EXERCISE REQUIREMENTS:
Only what runs from the line with "special-needs-at-sea" to the end of the data should appear in the answer, exactly as written and without pictures.

RECORDED INFORMATION:
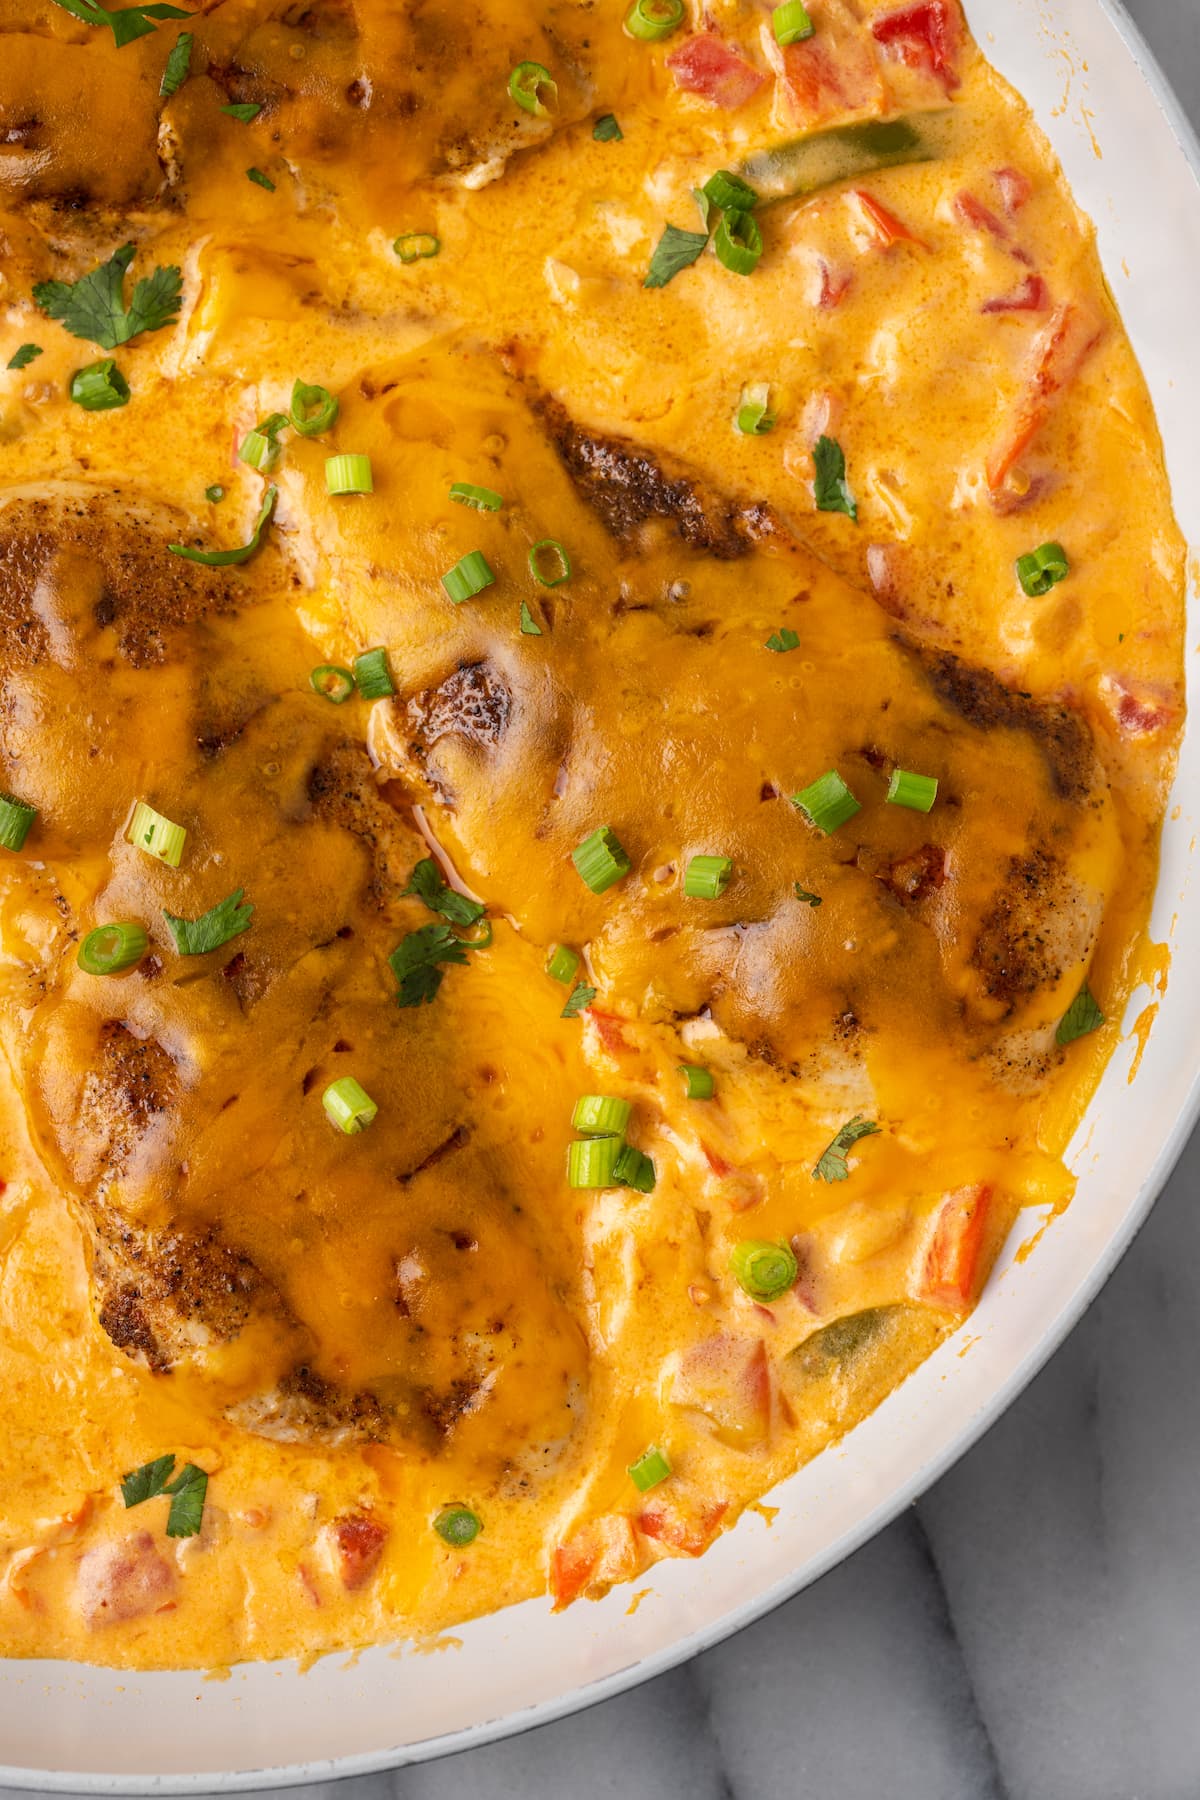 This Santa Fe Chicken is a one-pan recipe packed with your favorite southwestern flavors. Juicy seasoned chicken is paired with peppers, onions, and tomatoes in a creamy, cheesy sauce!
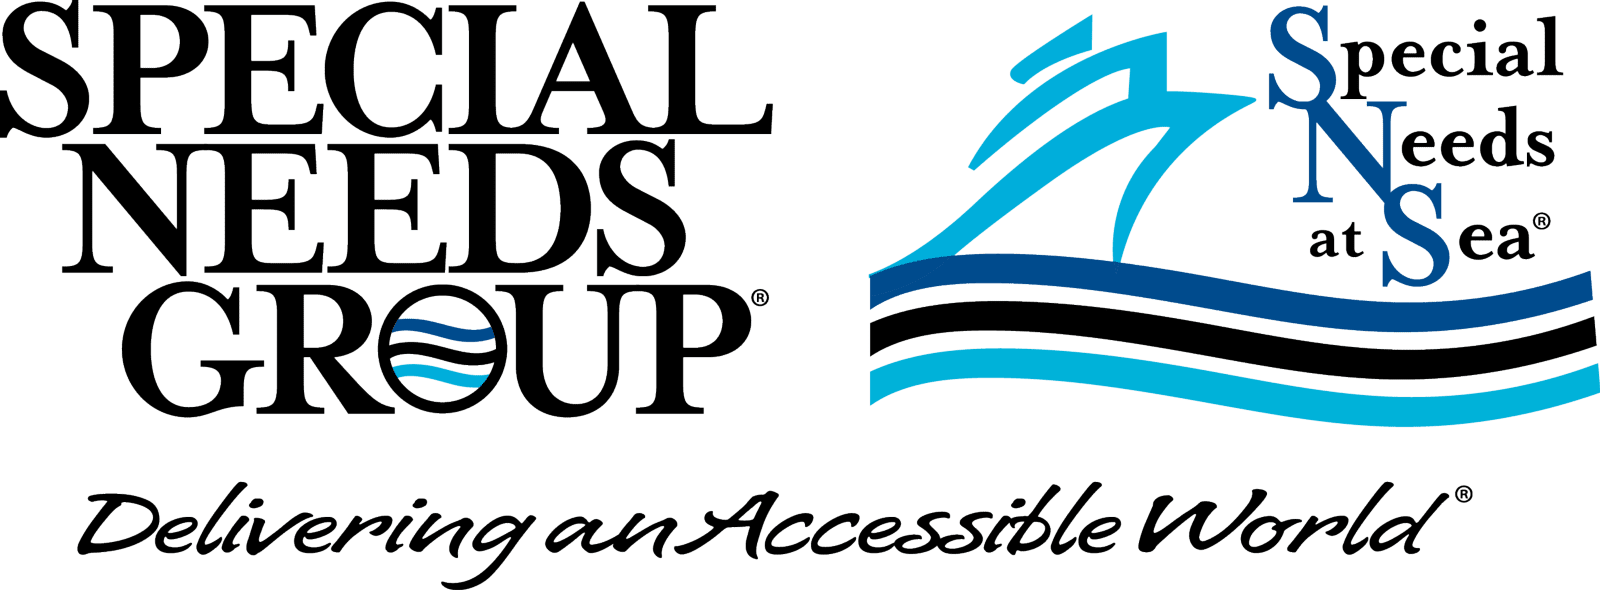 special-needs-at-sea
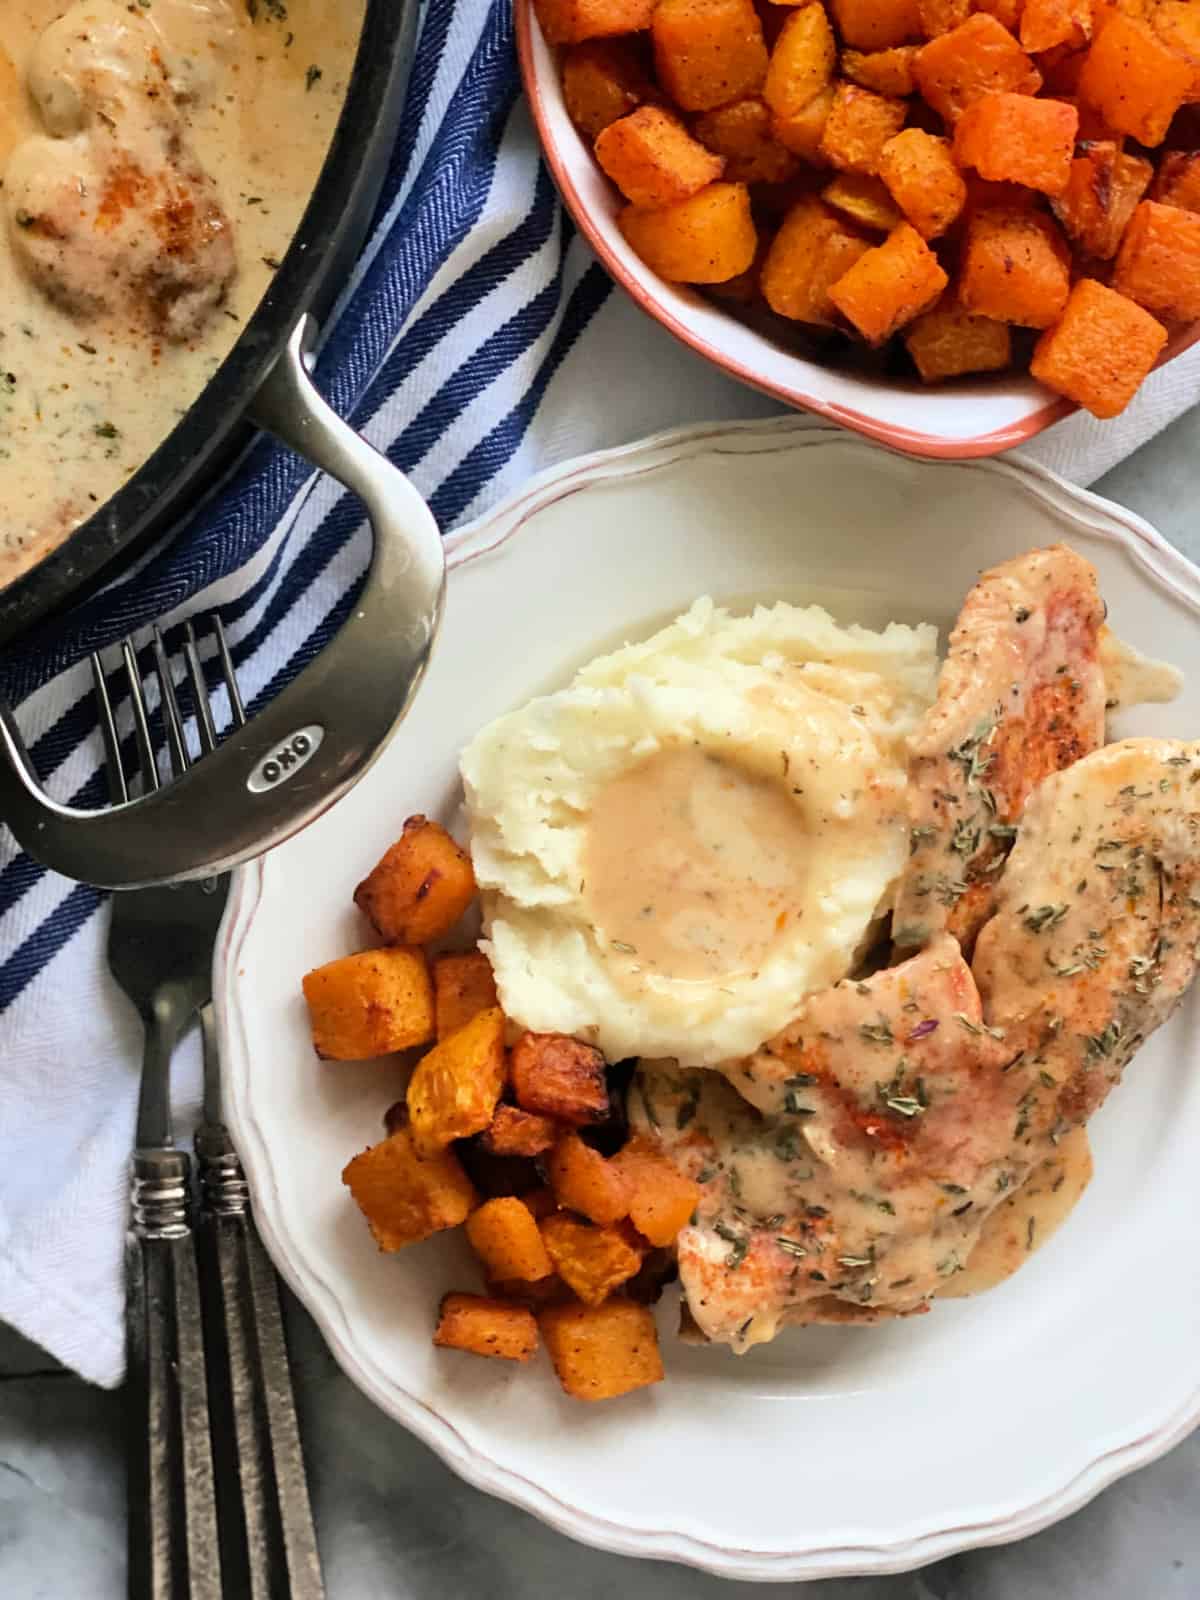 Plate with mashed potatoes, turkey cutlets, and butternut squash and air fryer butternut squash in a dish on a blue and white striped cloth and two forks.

TASK SOLUTION:
 special-needs-at-sea
 Plate with mashed potatoes, turkey cutlets, and butternut squash and air fryer butternut squash in a dish on a blue and white striped cloth and two forks.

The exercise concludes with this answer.